At my store, we had a waterbottle/trough with a sponge in the trough, and we would feed the crickets dog/cat food as a staple. To gutload them, we would add in a bunch of tropical fish flaked food (which they readily ate) and then feed them to the store reptiles/amphibians. This would be an ideal setup, but if this is going to be a one-time only thing, I would stick with the minimum stuff unless you have the fish food and watterbottle handy.


----------



## OGIGA

I tried adding a slice of potato to crickets several weeks ago and the potato got really moldy. What else seems to work? Any suggestions about what to feed the crickets that'll benefit the mantises?


----------



## xenuwantsyou

I use lettuce and have had no problems at all.


----------



## Jodokohajjio

Well, I'm not exactly sure what the daily nutrient intake for any particular species of praying mantis ought to be, but I think that using flaked tropical fish food with the crickets would be pretty good because it'll be higher in protein than potatoes and whatnot. As mantids are predators, I imagine that this would be better.

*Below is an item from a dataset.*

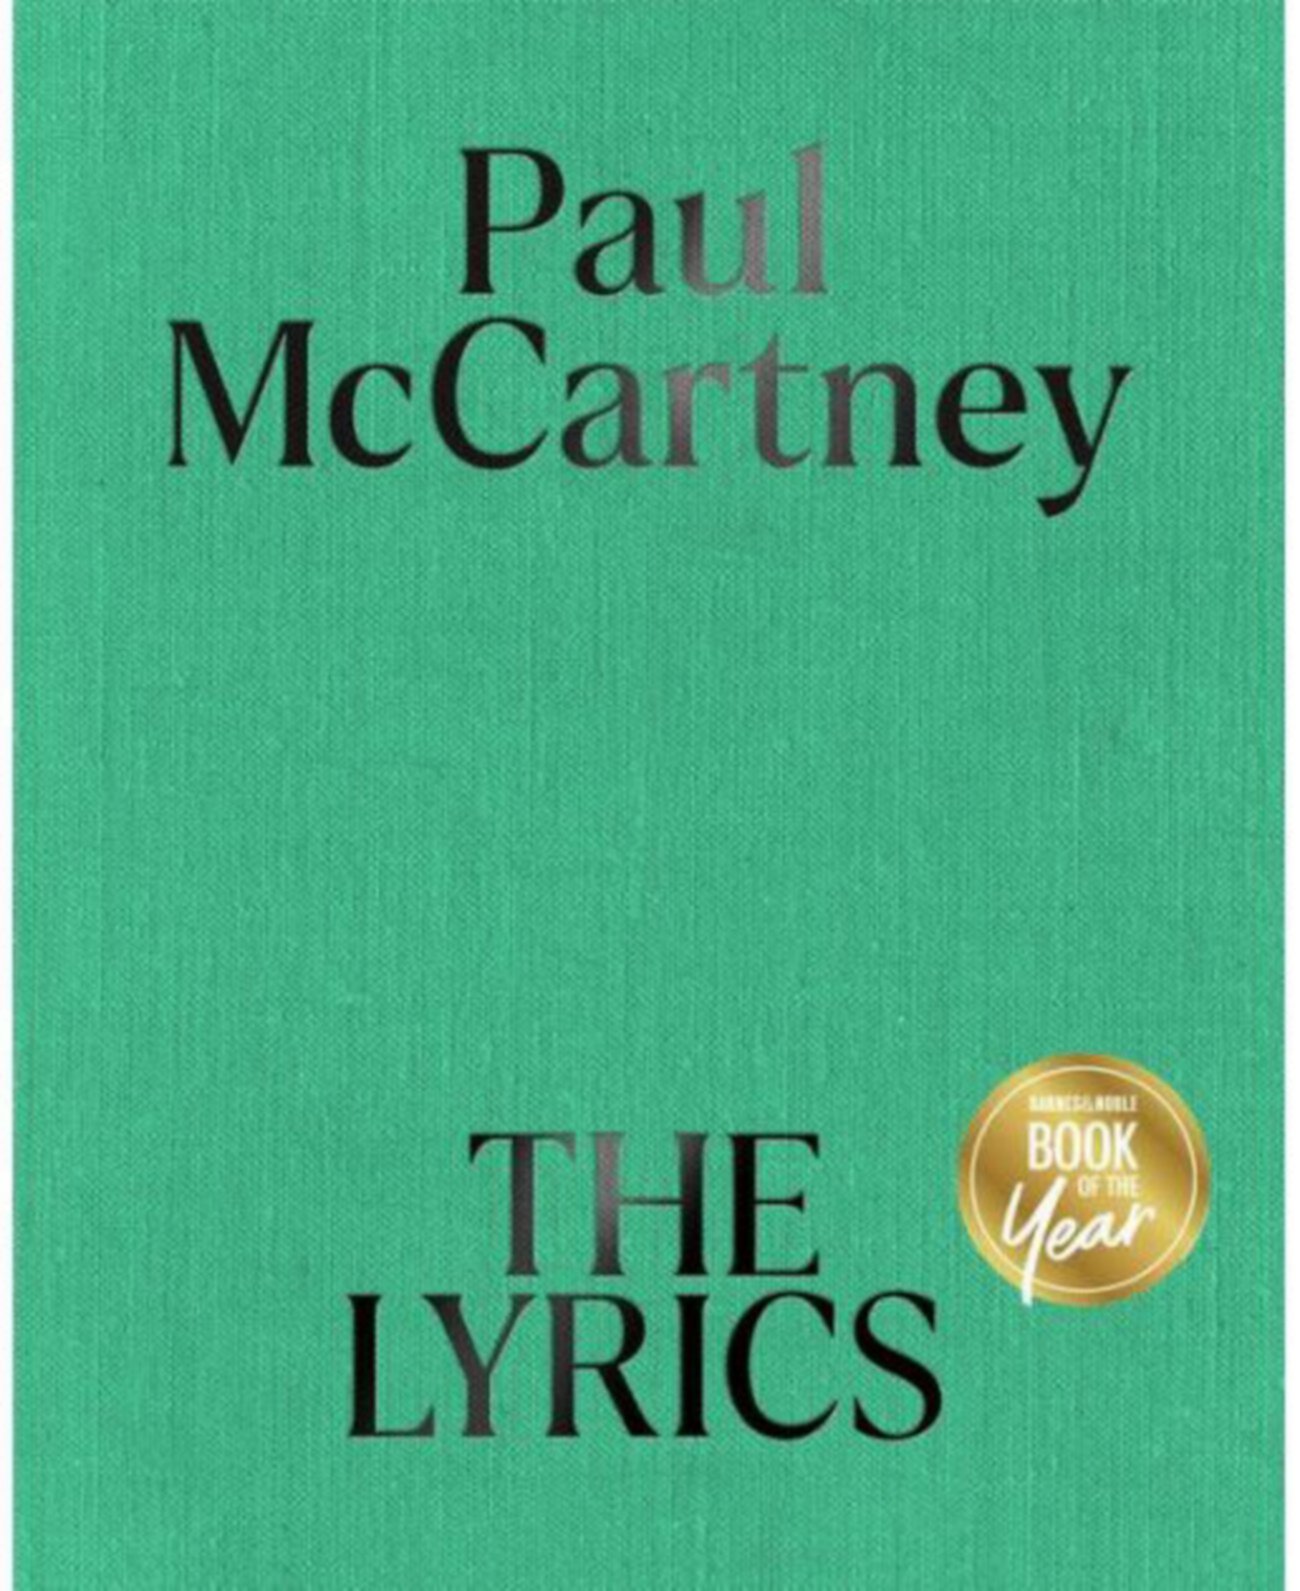 Тексты: Пол Маккартни с 1956 года по настоящее время (двухтомник) (Книга года B&N) Barnes & Noble

There is also cricket dust available as a calcium supplement for reptiles, but I don't think that the dust will have any benefit for the mantis (though I haven't seen anything conclusive about this either way).


----------



## OGIGA

I got some crickets earlier and settled for giving them cucumber. The crickets who found the cucumber seem to really like it.


----------



## OGIGA

I bought like 25-30 of them yesterday. Today, 4 are dead and they look kinda gross. Maybe that means I should keep them away from my mantises...


----------



## Jodokohajjio

Also make sure you are looking at actual dead crickets too. Crickets go through incomplete metamorphasis like mantids do (I don't remember how many larval stages there are though). The husks will look kinda like dead crickets, but they will be extremly light and papery. Dead crickets dry up after a little while too, but its easy to mistake the discarded exoskeleton for a dead bug.


----------



## OGIGA

They're definately dead crickets. Some of them look gooey and gross. I did find one shell yesterday though.


----------



## OGIGA

Most of the crickets have already died now.


----------



## Jodokohajjio

Hah, then its probably safe to say that they should not be fed to your mantids! Make sure you clean out the container you kept them in when they're gone.


----------



## OGIGA

I kept them in a water bottle. That's going to go away!


----------



## patdbunny

The 1-2 dead cricket (my conservative rule of thumb) is for about a dozen crickets.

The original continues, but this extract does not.